Independent movement GetUp has released legal opinion that argues the “Malaysia Soultion” and other offshore processing options would be invalid even as the Gillard government makes further proposals to amend the Migration Act.

The opinion, drafted by Stephen Estcourt QC and Sydney University academics, considers the
Malaysia agreement and the amendments necessary for its adoption in the context Australia’s obligations under international law.

The legal advice suggests that any such arrangement may be in breach of obligations under Convention Relating to the Status of Refugees, the International Covenant on Civil and Political Rights and the Convention Against Torture and Other Cruel, Inhuman or Degrading Treatment or Punishment as well as Australia’s non-discrimination obligations under the Convention on the Elimination of All Forms of Racial Discrimination.

In light of these proposed legislative changes, GetUp asked Mr Estcourt QC to advise whether offshore processing of unaccompanied children could ever be consistent with Australia’s international treaty obligations and/or customary international law.

“What the legal team found was that any agreement, including the arrangement proposed by the Gillard Government by which unaccompanied minor asylum seekers are transferred to a third country may lead to breaches of Australia’s international human rights obligations,” GetUp National Director Simon Sheikh said.

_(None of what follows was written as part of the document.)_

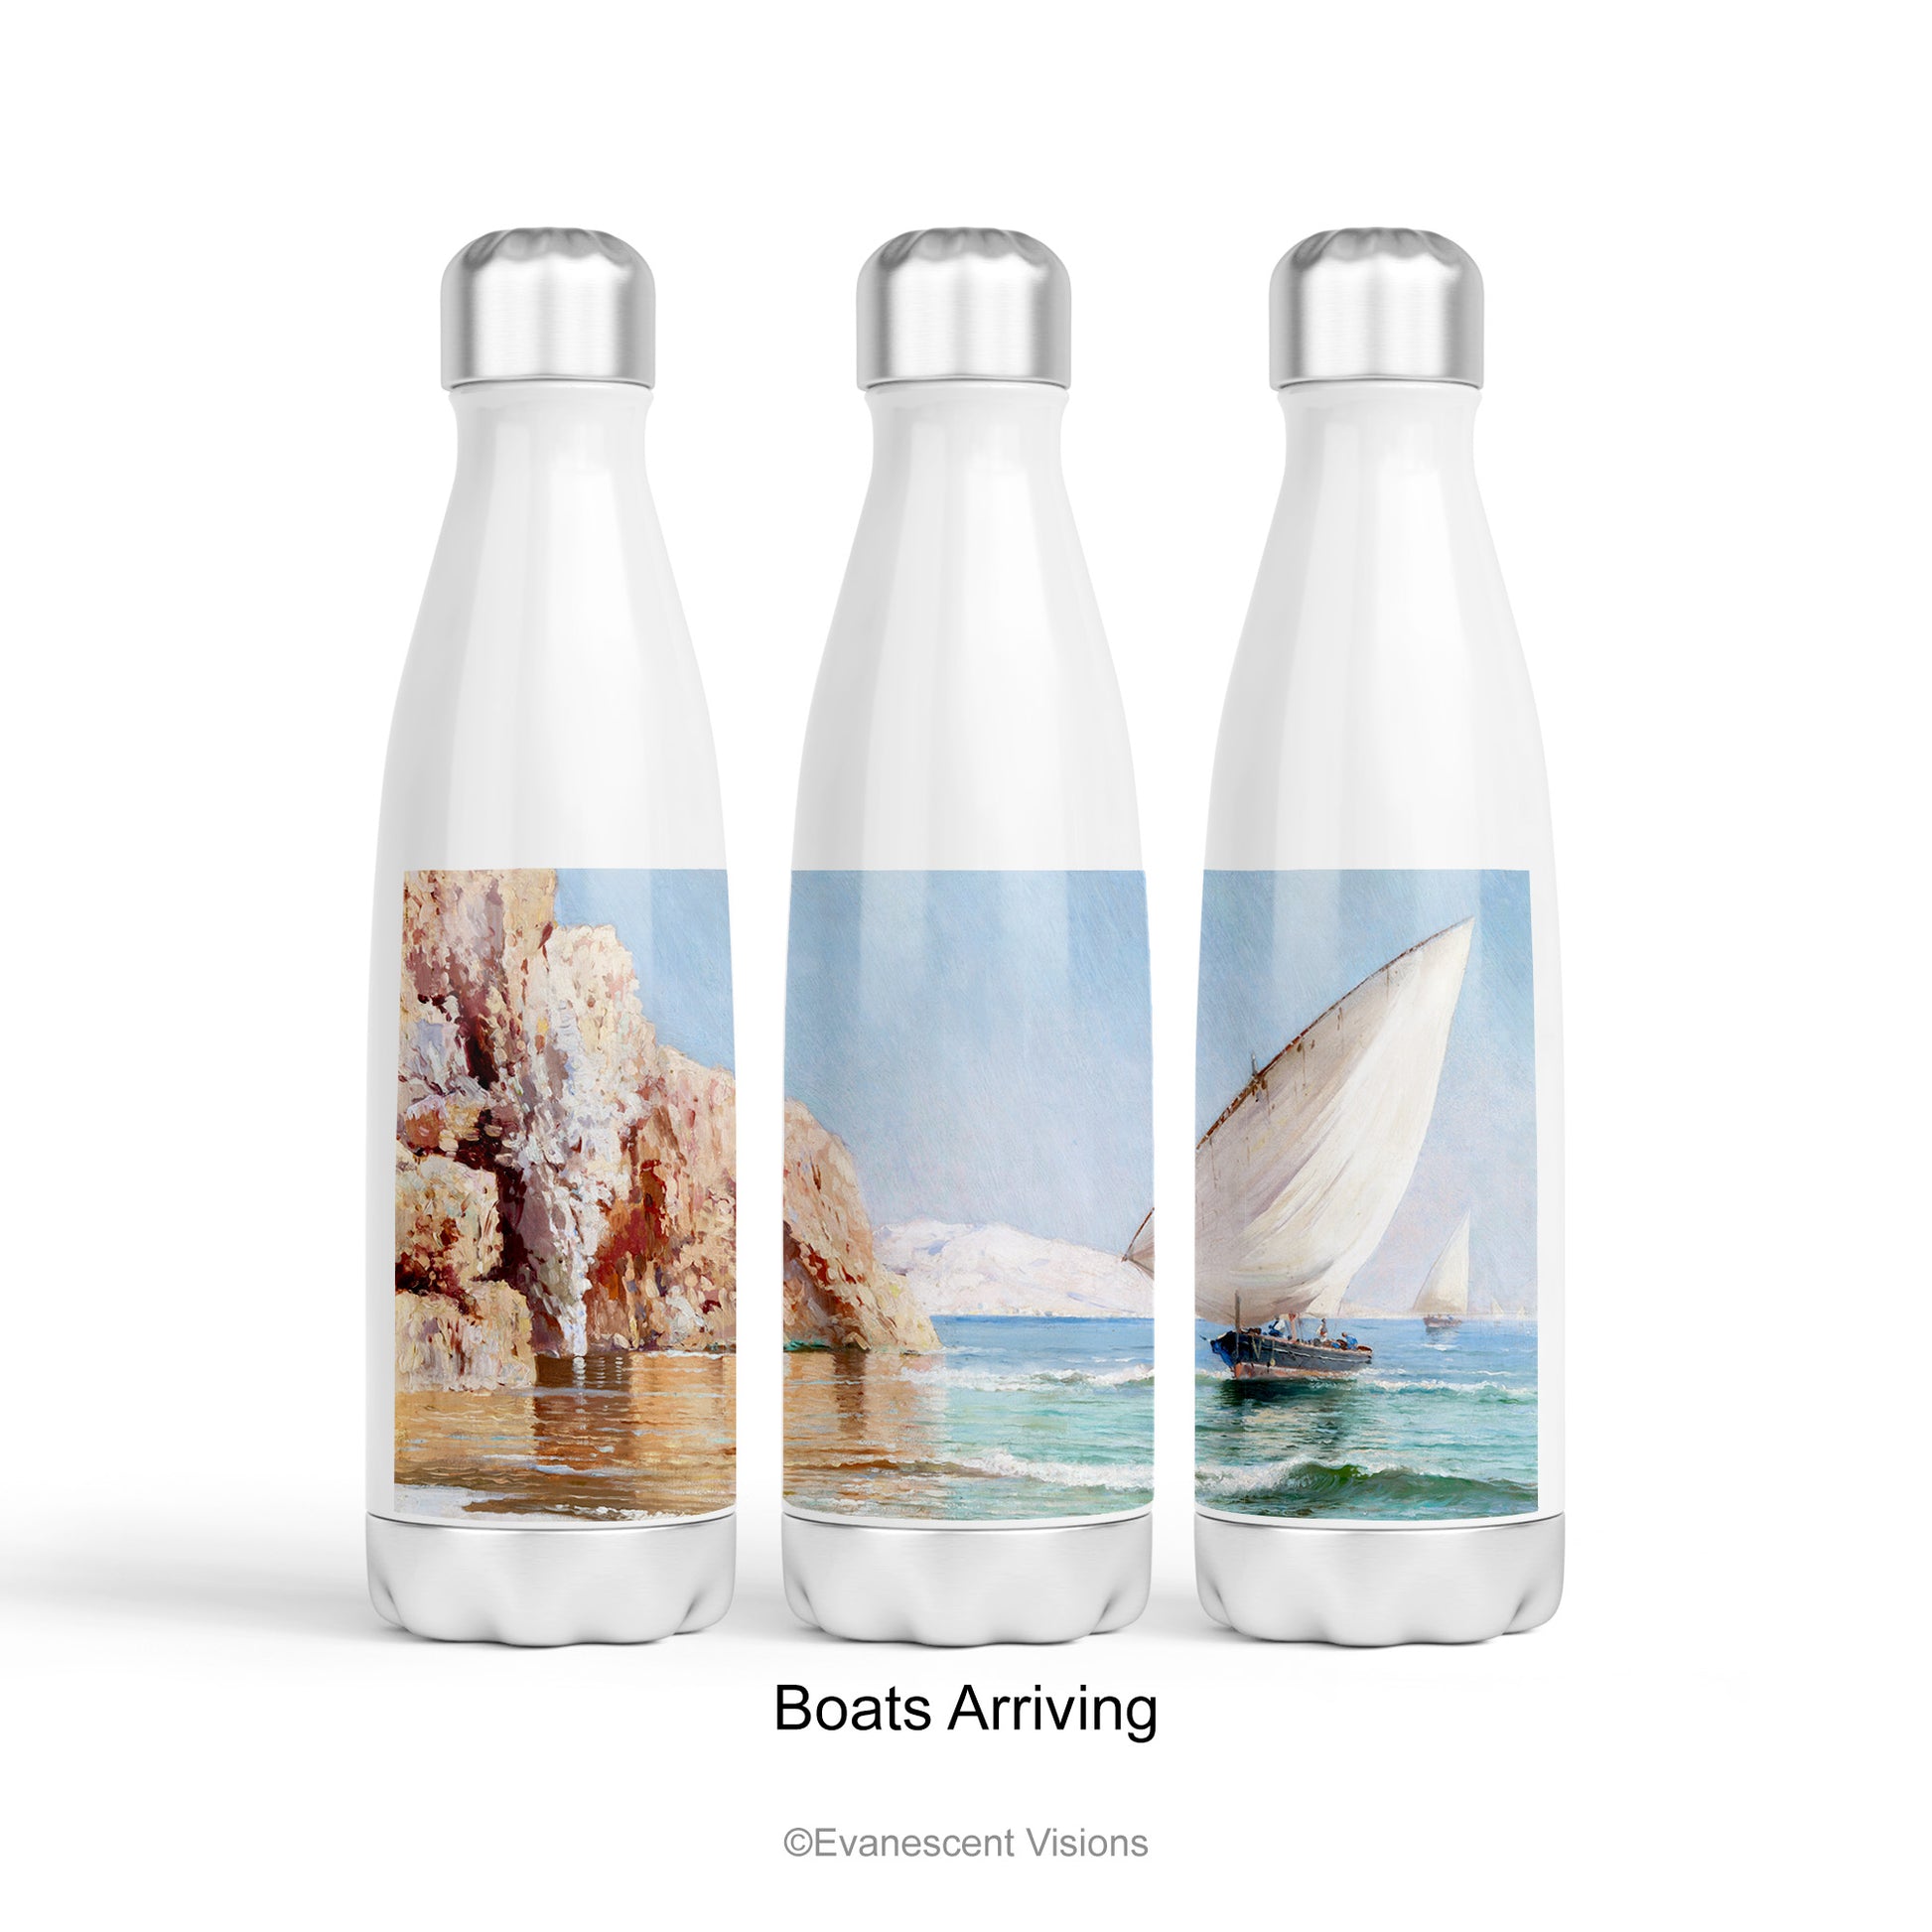 The 'Boats Arriving' design shown across three stainless steel bottles

Mr Estcourt wrote in his findings, “Australia, as a party to the CRC, the ICCPR, the Refugee Convention and other key human rights instruments, has voluntarily committed to comply with their provisions in good faith and to take the necessary steps to give effect to those treaties under domestic law.

“In respect of unaccompanied children, real concerns arise as to whether such action could ever be compatible with the Convention on the Rights of the Child, which requires that in all actions concerning children, the best interests of the child be a primary consideration.”

“The transfer of asylum seekers to a third country for processing may increase the risk of
Australia breaching non-refoulement obligations under the Refugee Convention, and its related Protocol, the ICCPR and the CAT in respect to unaccompanied minor asylum seekers and asylum seekers generally.

“Further, the transfer of both accompanied and unaccompanied minors to a third country may breach non-refoulement obligations under the CRC.”